— Пойду калитку закрою за гостем, — предупредила кота,
завернулась в нагретое на лежанке одеяльце и вышла на крыльцо.
Картина, открывшаяся с высокого крыльца, была эпичной. У ворот
царевич, вооружившись деревянной лопатой, расчищал пространство от
сугробов, скопившихся за зиму. Увидел меня, остановился и
сказал:
— Хорошо, что вышла. Ты это... Забудь, что я тебе рассказал.
Батюшка приказывал секретно Ваську привести. Чтобы до Кощея не
дошла весть о её побеге. Помалкивай! Поняла?
— Поняла. Сугробы расчищаешь в качестве платы за молчание моё? —
хихикнула я.
— Ещё чего! Ковёр расстелить надо — иначе не взлетит.
Василий осмотрел расчищенный участок, достал из торбы пёстрый
комочек, встряхнул... На землю лёг яркий шёлковый платок,
украшенный по углам кистями. Парень, отряхнув сапоги, встал в
центр, прошептал что-то типа: «Земля, прощай!»
Измятая ткань расправилась, приняла жёсткую форму, словно лежала
на столешнице. «В добрый путь!» — услышала я вторую часть активации
артефакта, и ковёр, словно кусок крепкой фанеры, взмыл над землёй,
унося царевича за ограду.
— Скатертью дорога, — махнула вслед рукой и вернулась в
избушку.
Захватив по пути из кладовки тушку зверька в стазисе, похожего
на кролика, пошла кормить свой зоопарк. Совушка не спала. Вынесла
корзинку в горницу, поставила на стол.
— Как ты, птичка?
В ответ та вздохнула и беспокойно завозилась. От неё шли
непонятные эманации, словно она беспокоится о чём-то.

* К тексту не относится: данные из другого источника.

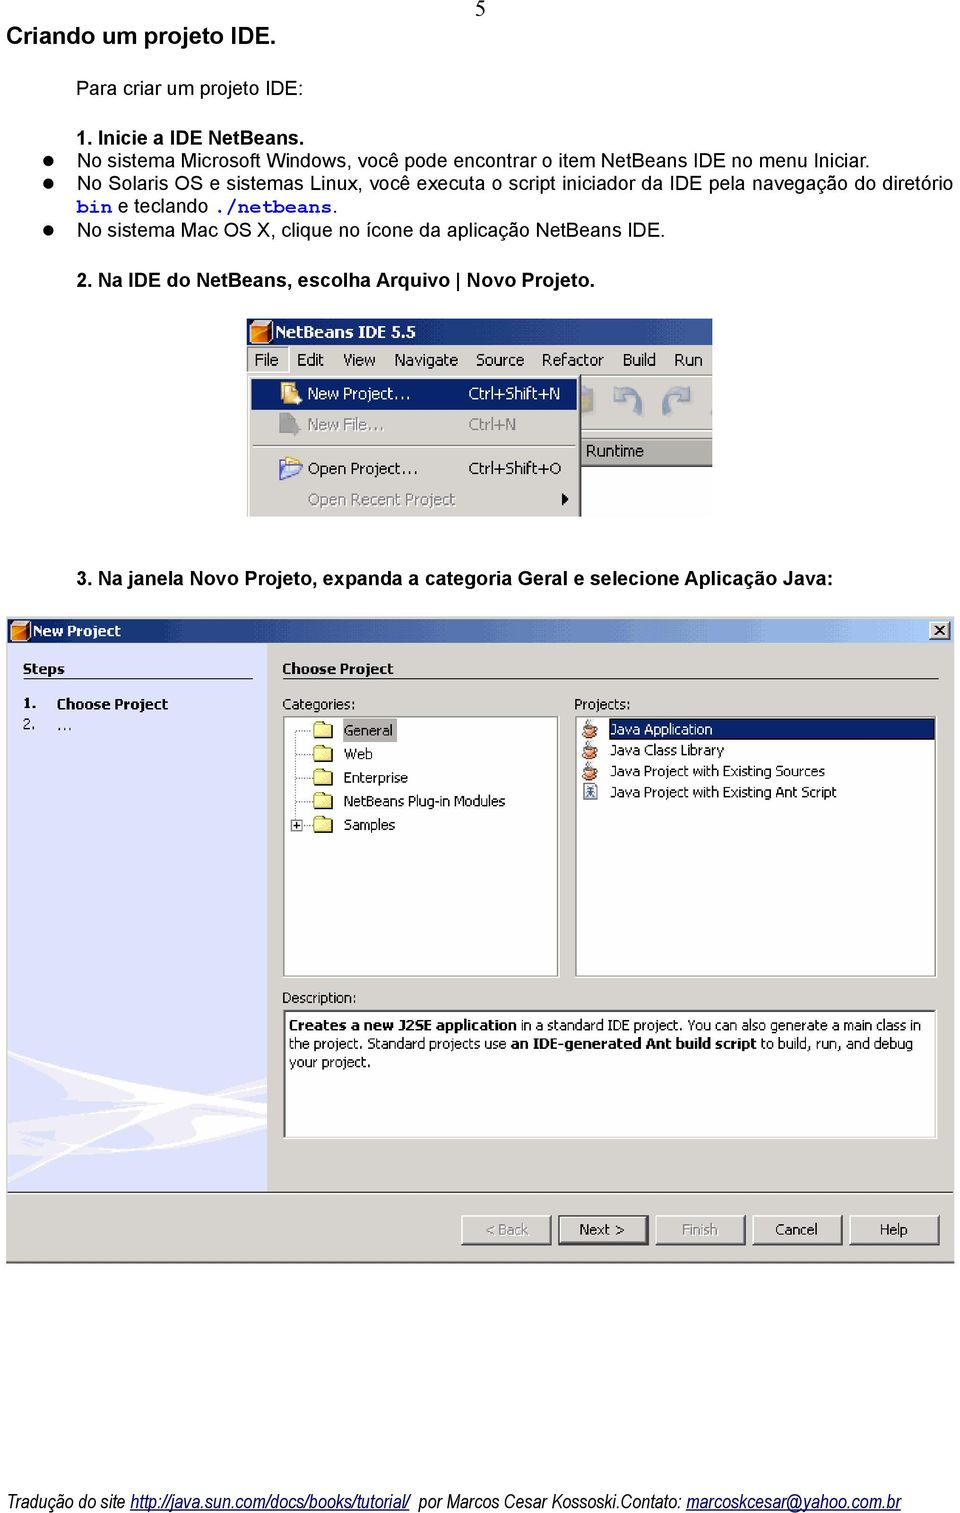 No Solaris OS e sistemas Linux, você executa o script iniciador da IDE pela navegação do diretório bin e teclando.
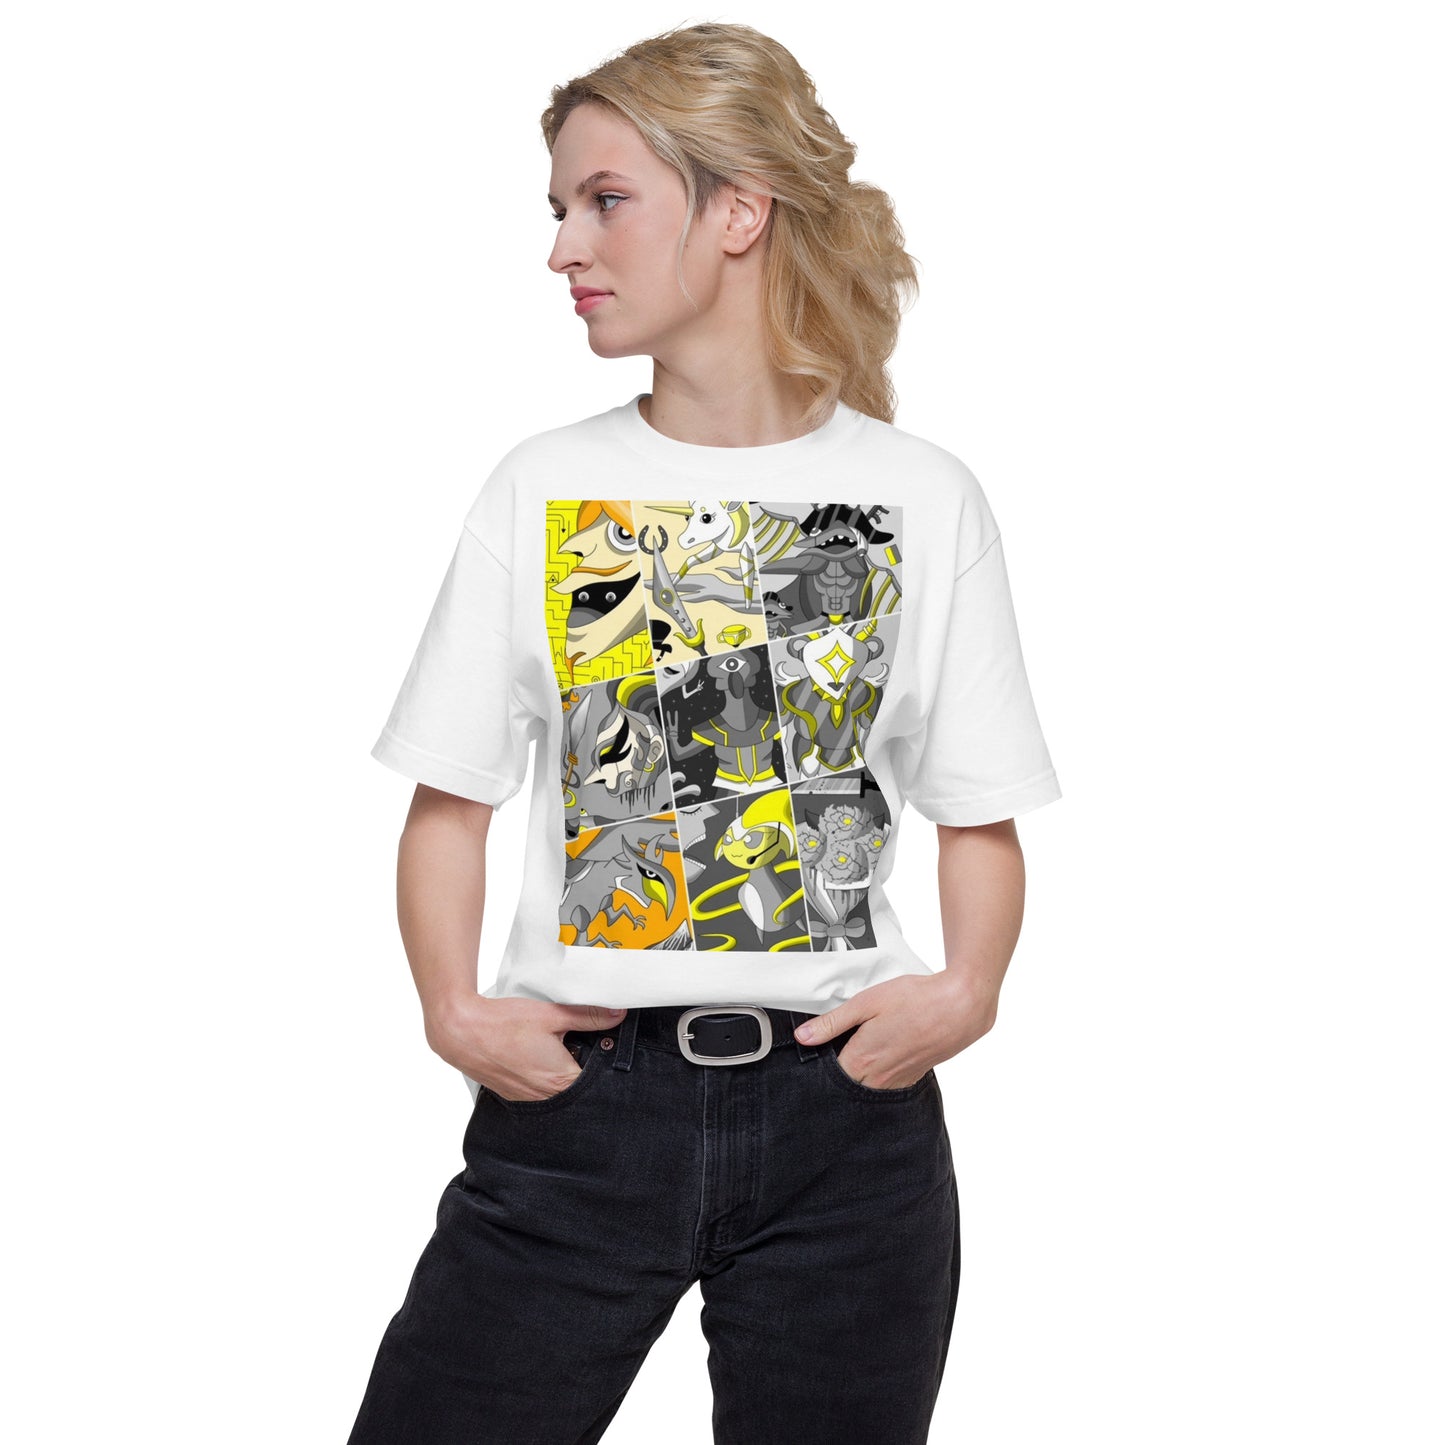 035_Ava-14-前面プリントTシャツ-アートをデザイン

— Что тебя тревожит, совушка?
Птица уставилась на дверь.
— На улицу хочешь?
Утвердительный кивок. Вспомнила себя, когда безголосая была и
жестами общалась.
— Пойдём, горемычная.
Посадила на перила хвостиком наружу и, чтобы не смущать,
отвернулась. Солнышко пригревало, и в воздухе неуловимо
чувствовалось приближение весны. Виделось оно в слегка посеревших
сугробах, в капельках, изредка стекавших с сосулек, в легком мареве
над лесом.
— Филипп, ты не знаешь, какое нынче число или хотя бы месяц? —
спросила, устраивая сову в корзине.
— Зачем тебе?
— У нас с тобой день рождения в марте. Хотя не знаю, сколько мне
теперь лет. Пятьдесят шесть, двадцать три или двести пятьдесят, —
грустно улыбнулась я.
— А мне сколько?
— Тебе шесть лет — ты взрослый мальчик.
Раскроив тушку на части, нарезала мясо маленькими кусочками для
совы, побольше для кота, остатки залила водой и поставила варить
бульон. Каждый день как день сурка. «Поели, теперь можно и
поспать».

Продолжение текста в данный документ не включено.